Alexander Yuk Ching Ma is a former CIA officer. He was arrested in August 2020, and was charged with conspiring with a family member to communicate classified information up to the top secret level to intelligence officials of the People's Republic of China.

Early life
Ma was born in Hong Kong. He moved to Honolulu in 1968 and attended the University of Hawaiʻi at Mānoa. He is a naturalized US citizen.

CIA career
In 1982, Ma joined the CIA. The following year, he was assigned as a CIA officer overseas, where he held a top secret security clearance. Ma left the CIA in 1989 and lived and worked in Shanghai, China before arriving in Hawaii in 2001.

FBI career
Ma applied to the FBI in April 2003, and began working as a translator in May 2004.
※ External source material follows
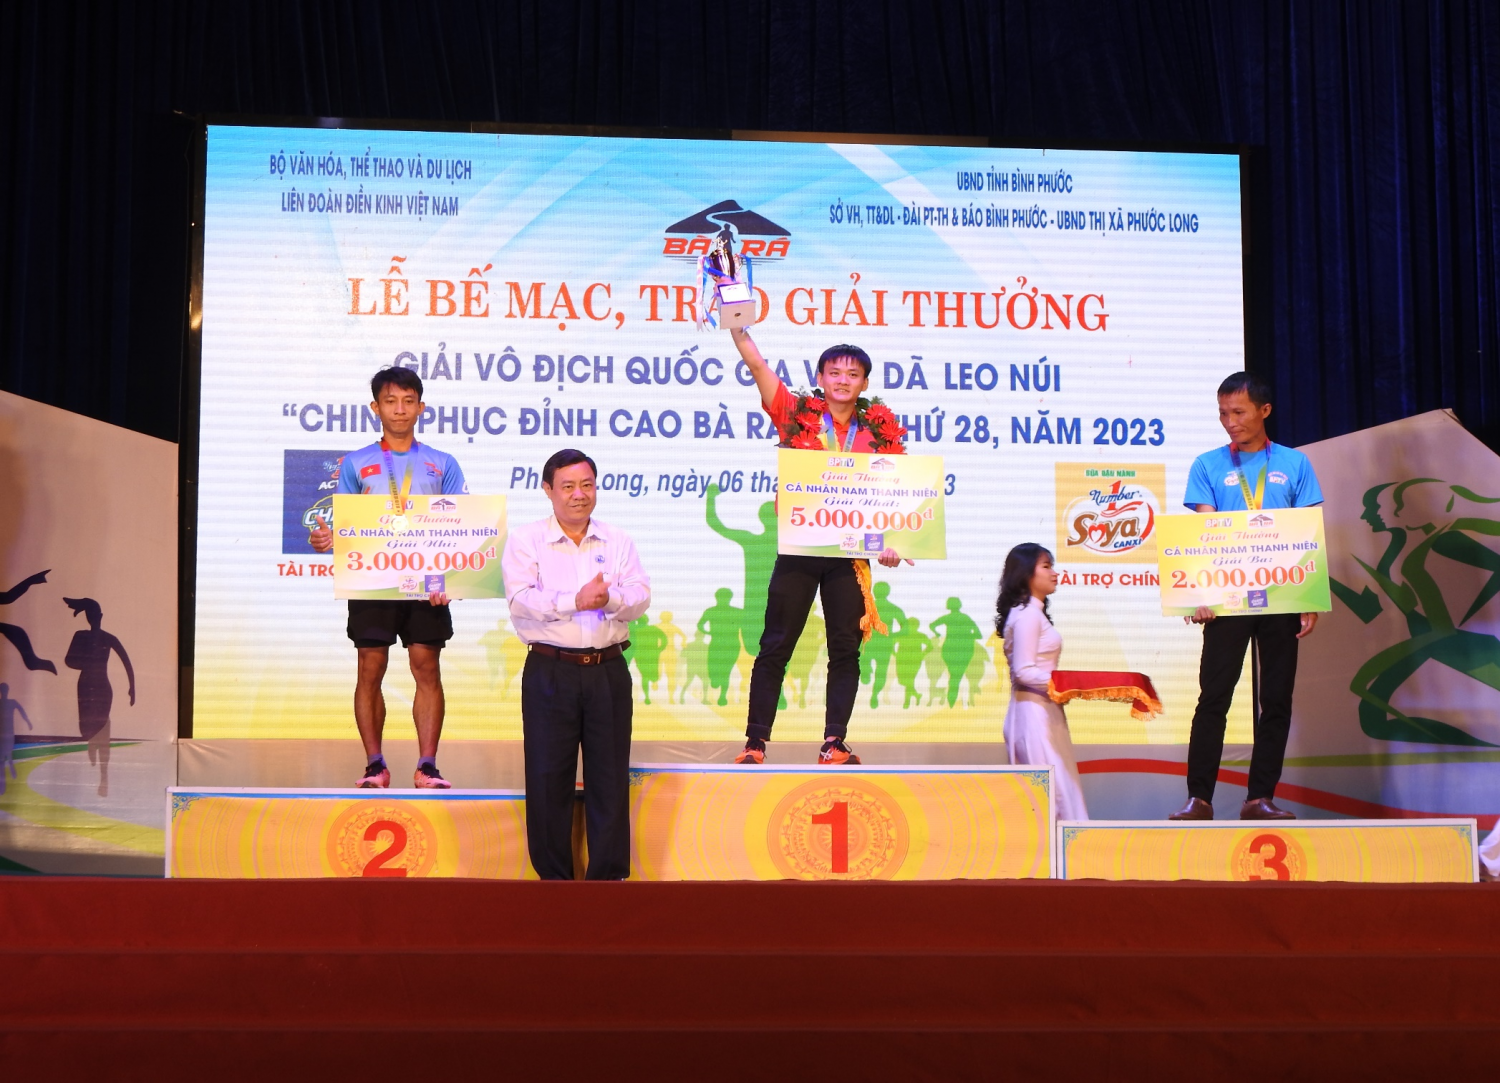 Giải Vô địch quốc gia Việt dã leo núi “Chinh phục đỉnh cao Bà Rá” lần thứ 28: Hội tụ đông đảo VĐV làng thể thao chuyên nghiệp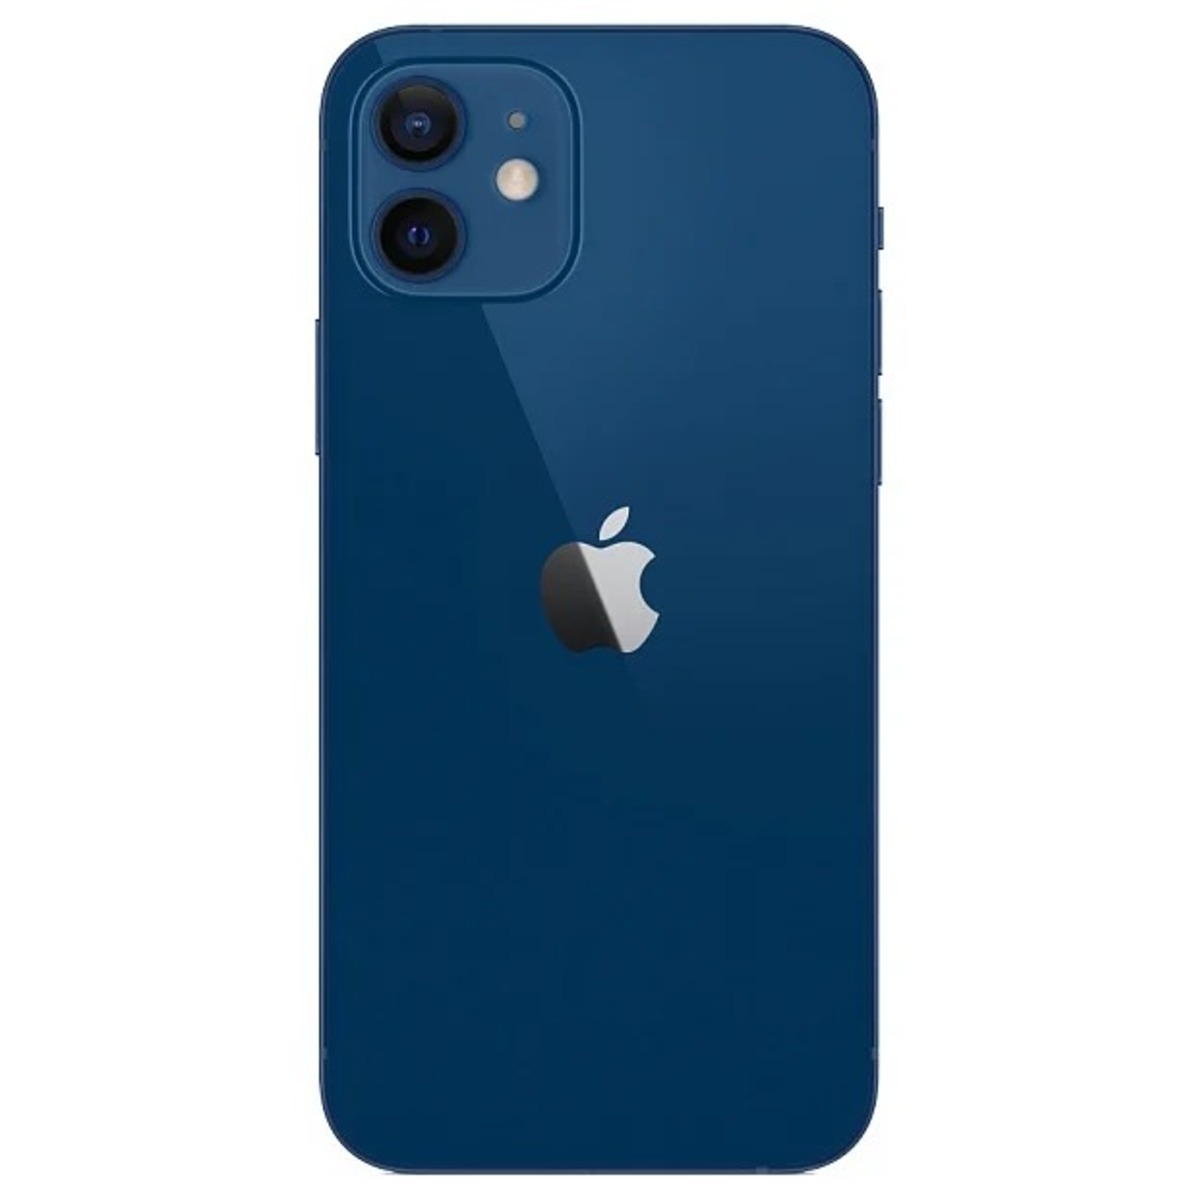 Смартфон Apple iPhone 12 64Gb, синий

In August 2004, he began working as a Chinese languages contract specialist for the FBI in Honolulu.

Espionage for the PRC
The earliest known date of Ma's alleged spying for the Ministry of State Security (China) (MSS) is March 2001, when he was recorded in a Hong Kong hotel providing substantial amounts of highly classified national defense information to MSS officers.

FBI investigation
In January 2019, Ma confirmed to an undercover FBI agent that he had in the past provided valuable U.S. government materials to the Chinese government, and that he would be willing to do so in the future.

On March 13, 2019, Ma accepted $2,000 from the same undercover FBI agent, who told Ma that the money was acknowledgment for his work on behalf of the PRC.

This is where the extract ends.